After downloading the app, participants are free to follow ZeroPhobia at their own pace and in their own time. Weekly emails are sent to remind and encourage participants to continue using ZeroPhobia during the six weeks (regardless of how much or how little a participant has been using the app). Participants can repeat modules if they wish to. In the final module, participants will be encouraged to engage in real world exposures and, for instance, search for spiders outside or around their house. After six weeks, participants belonging to both conditions will receive a post-test questionnaire to fill in.
Once post-test questionnaires are complete, participants in the treatment condition are informed that they are free to continue using the ZeroPhobia app if they want to and that they will be contacted again after three and 12 months for follow-up assessments. Participants in the waitlist condition will gain access to the ZeroPhobia app and are invited to start. Similar to the treatment condition, they will also receive weekly reminders. After six weeks, participants in the waitlist condition are asked to complete one final questionnaire consisting of only the primary outcome measure.
Intervention
ZeroPhobia: Arachnophobia is an automated self-guided app-based smartphone intervention for spider phobia, which is based on Cognitive Behavioral Therapy (CBT) protocols (e.g., [30–32]). It consists of six modules (see Table 1) that can be followed at the user’s own pace. An animated and scripted virtual therapist provides educational and usage information. Each module takes between five to twenty minutes to complete, depending on how fast the user would like to progress. CBT content is provided via the virtual therapist using simple, 2D animations and voiceovers.
Module 1 provides psychoeducation including a description of what arachnophobia is and facts about spiders, such as how they behave and how harmless most of them actually are. Additionally, participants are introduced to a fictional ZeroPhobia user named Anna who shares her experiences and how she overcame her phobia.
Module 2 teaches participants about the anxiety curve and how to set realistic goals related to overcoming their fear, such as “I can work in the garden” or “I can go to the attic to take things I need”.

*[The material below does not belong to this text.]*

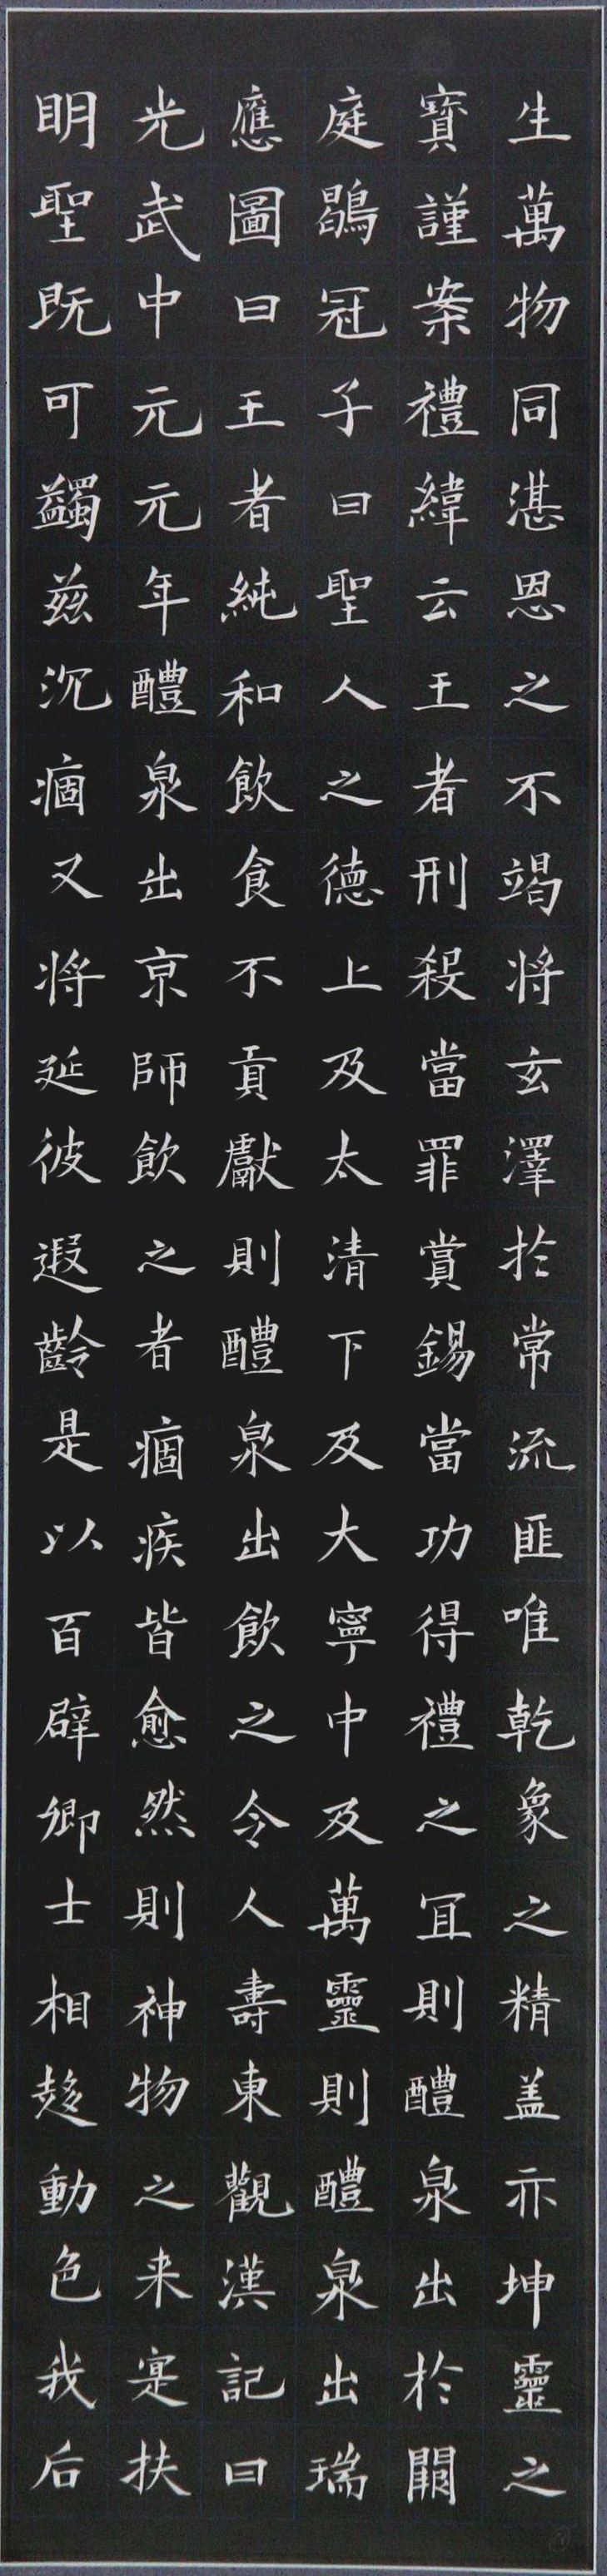 李笔戎( 6)_副本_副本_副本.jpg

Module 3 explains how to effectively and safely use the ARET. Importantly, after completing this module, the first AR level unlocks. The AR levels are independent from the modules. Users are instructed to sit at a table. During these AR exposures, users can choose from several options. They are first able to choose a type of spider. The list of AR spiders is presorted in order of what the researchers and a panel of test-users considered least scary to scariest. The options are (in ascending order of scariness): Daddy Longlegs, Cross Spider, Wolf Spider, Barn Funnel Waver, and Tarantula. Additionally, participants will be able to select a challenge level. Level 1 contains a single spider that only moves if the user taps on the screen to indicate the spider to come closer. Directly after finishing an AR level, participants are prompted to rate their anxiety (‘How high was your fear at its highest during this level?’) and disgust (‘How much disgust did you experience during this level?’) on a scale from 1 to 10. To unlock the next level, participants must rate the peak of their fear ≤ 3. If they rate above a three, the app will prompt them to try the level again.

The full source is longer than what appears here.